● **Directions**:
Would you return exactly the lines running from the one with "This is perhaps" to the bottom of the listing below, and no others?

Working data Block Start

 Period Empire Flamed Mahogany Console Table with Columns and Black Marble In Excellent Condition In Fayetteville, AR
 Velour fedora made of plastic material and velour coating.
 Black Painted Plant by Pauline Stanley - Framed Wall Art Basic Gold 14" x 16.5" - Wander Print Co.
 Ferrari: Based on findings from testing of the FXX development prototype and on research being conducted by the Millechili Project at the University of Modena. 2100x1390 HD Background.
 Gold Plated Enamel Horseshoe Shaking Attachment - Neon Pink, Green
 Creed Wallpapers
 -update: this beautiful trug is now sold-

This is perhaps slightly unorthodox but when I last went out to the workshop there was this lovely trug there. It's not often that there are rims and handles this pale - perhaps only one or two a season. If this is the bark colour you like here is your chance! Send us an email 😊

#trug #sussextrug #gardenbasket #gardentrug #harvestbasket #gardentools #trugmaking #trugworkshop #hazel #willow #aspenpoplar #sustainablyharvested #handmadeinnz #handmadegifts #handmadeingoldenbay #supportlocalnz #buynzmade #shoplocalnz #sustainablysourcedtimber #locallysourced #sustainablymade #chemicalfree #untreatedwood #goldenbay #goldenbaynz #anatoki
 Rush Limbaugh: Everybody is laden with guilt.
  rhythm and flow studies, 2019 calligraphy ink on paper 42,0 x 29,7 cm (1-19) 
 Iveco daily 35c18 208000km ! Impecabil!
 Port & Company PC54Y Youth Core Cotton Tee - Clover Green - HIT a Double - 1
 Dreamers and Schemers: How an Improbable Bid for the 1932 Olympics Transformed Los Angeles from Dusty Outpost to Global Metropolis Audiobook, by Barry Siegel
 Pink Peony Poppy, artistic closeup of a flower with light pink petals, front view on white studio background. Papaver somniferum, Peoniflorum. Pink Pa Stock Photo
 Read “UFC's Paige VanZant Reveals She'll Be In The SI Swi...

Working data Block End

● **Finished exercise**:
This is perhaps slightly unorthodox but when I last went out to the workshop there was this lovely trug there. It's not often that there are rims and handles this pale - perhaps only one or two a season. If this is the bark colour you like here is your chance! Send us an email 😊

#trug #sussextrug #gardenbasket #gardentrug #harvestbasket #gardentools #trugmaking #trugworkshop #hazel #willow #aspenpoplar #sustainablyharvested #handmadeinnz #handmadegifts #handmadeingoldenbay #supportlocalnz #buynzmade #shoplocalnz #sustainablysourcedtimber #locallysourced #sustainablymade #chemicalfree #untreatedwood #goldenbay #goldenbaynz #anatoki
 Rush Limbaugh: Everybody is laden with guilt.
  rhythm and flow studies, 2019 calligraphy ink on paper 42,0 x 29,7 cm (1-19) 
 Iveco daily 35c18 208000km ! Impecabil!
 Port & Company PC54Y Youth Core Cotton Tee - Clover Green - HIT a Double - 1
 Dreamers and Schemers: How an Improbable Bid for the 1932 Olympics Transformed Los Angeles from Dusty Outpost to Global Metropolis Audiobook, by Barry Siegel
 Pink Peony Poppy, artistic closeup of a flower with light pink petals, front view on white studio background. Papaver somniferum, Peoniflorum. Pink Pa Stock Photo
 Read “UFC's Paige VanZant Reveals She'll Be In The SI Swi...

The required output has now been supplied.